I made a few mistakes, I swiched one set of rings and misaligned a few, but my wife loves it.


----------



## MDWine (Apr 4, 2007)

Excellent!!!


----------



## JimGo (Apr 4, 2007)

I see the issues you mentioned, but it's still a very sweet jar (pun intended)!  Nicely done!


----------



## huntersilver (Apr 4, 2007)

wow, nice work!!


----------



## johncrane (Apr 4, 2007)

WOW that looks great David!!sure is a lot of work.


----------



## alamocdc (Apr 4, 2007)

Looks very nice, David. Now if you'll excuse me I now need to raid my cookie jar.[]


----------



## pete00 (Apr 4, 2007)

very nice...


----------



## NavyDiver (Apr 4, 2007)

Excellent work!


----------



## Lathemaster (Apr 4, 2007)

David

Nicely done. 

We always see the flaws in our work - the joy is when 
others see the beauty. 

Now



<b></b><b></b><b></b><b></b><b></b>


----------



## wudnhed (Apr 4, 2007)

I think it's great David!


----------



## Stevej72 (Apr 5, 2007)

David, great work!


----------



## dbriski (Apr 5, 2007)

Thanks so much for the kind words
David


----------



## byounghusband (Apr 5, 2007)

David,
Wat are the dimensions of that Cookie Jar?  I like it and might like to do something similar. I have a few boards of Purpleheart, Walnut and Brazilian Cherry waiting for something to do.....[)]

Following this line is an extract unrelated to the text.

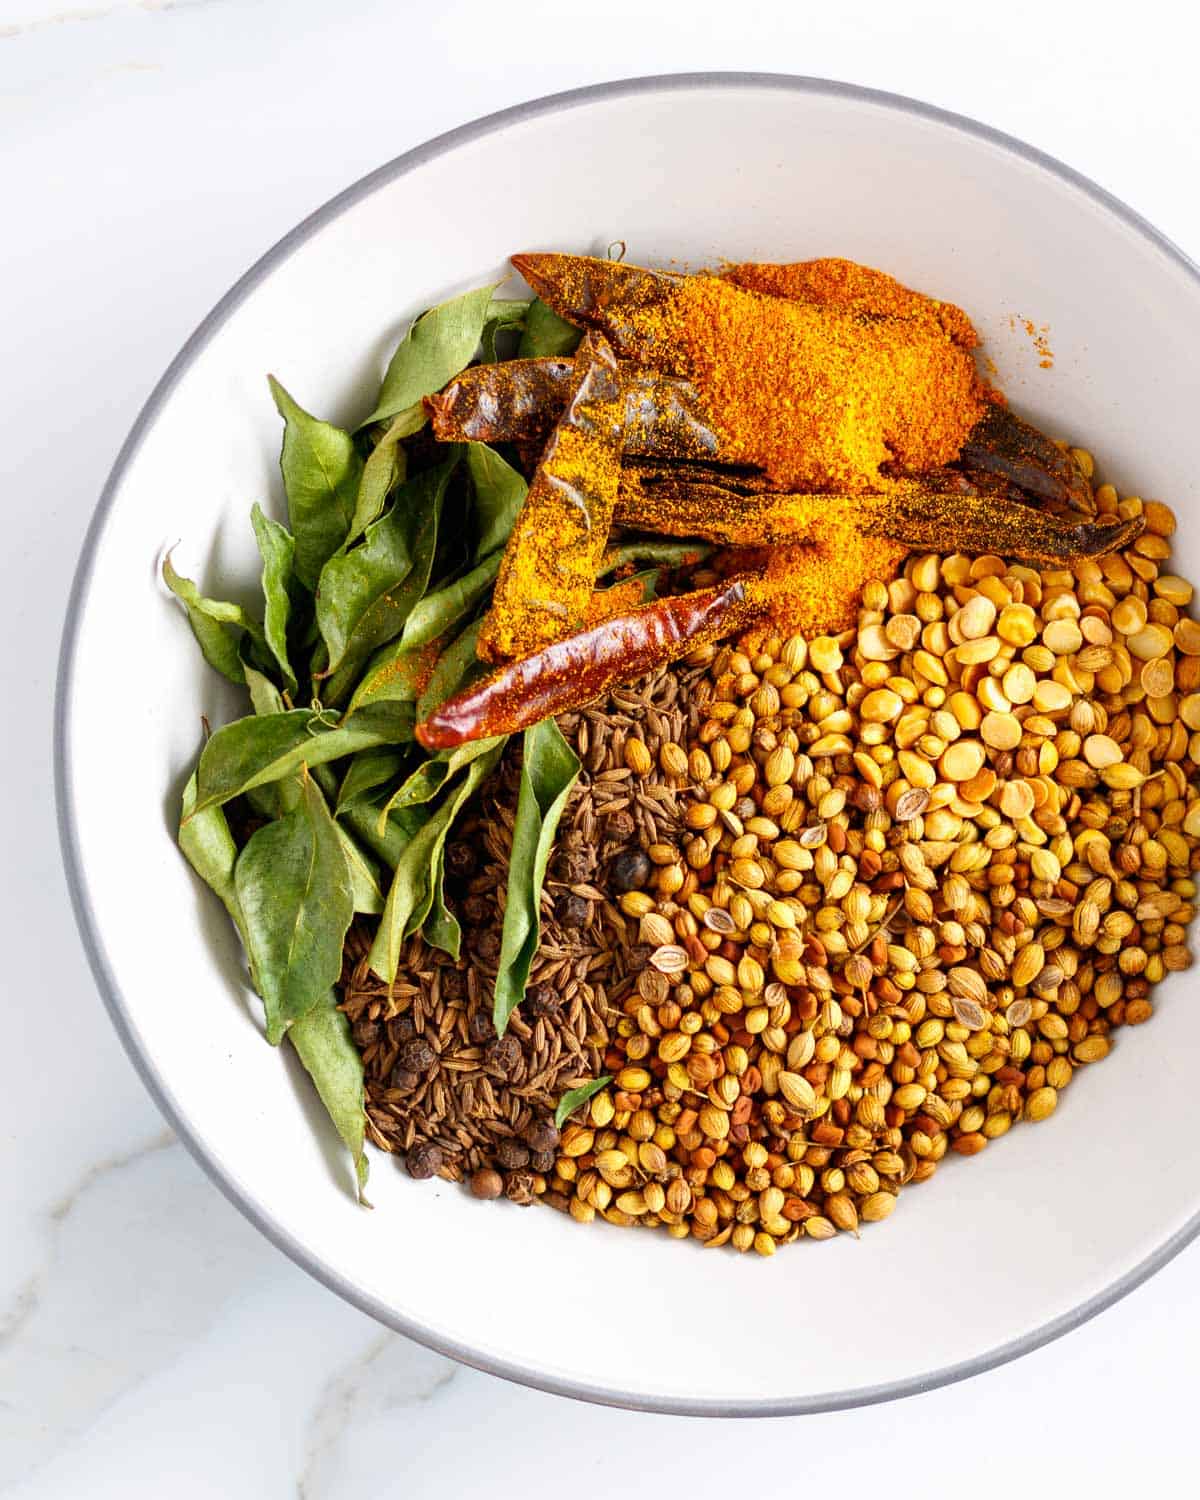 Bowl of toasted Indian spices with chilis and curry leaves.

Edited because I have Fat-Fingers!!!![B)]


----------



## dbriski (Apr 5, 2007)

I don't recall the exact dimentions, but it barely fit only my Rikon.  I think its about 10" diameter, and about 1' tall.  Here are the specs on it http://www.briskibusiness.com/CookieJarSegCalc2.pdf I just used this as a rough guide to work from.


----------



## byounghusband (Apr 5, 2007)

David,
Thanks!!  Which Segmented software do you use?


----------



## dbriski (Apr 6, 2007)

I just used the demo version of Segment Project Planner I think is what it was called.  It was ok, no sure if I want to get that one or not.  The design/shaping part was a bit off, so I had to go through and change a lot of the numbers they came up with to more of what I liked and more similar numbers to reduce the different types of segments I had to cut. It was easier than doing it by hand.


----------



## TellicoTurning (Apr 6, 2007)

David,
I like the cookie jar... your biggest mistake was admitting there was a mistake.. always tell them you meant to do that.. [][][]


----------



## CaptG (Apr 6, 2007)

David, really nice cookie jar.  Where are the cookies??[][]


----------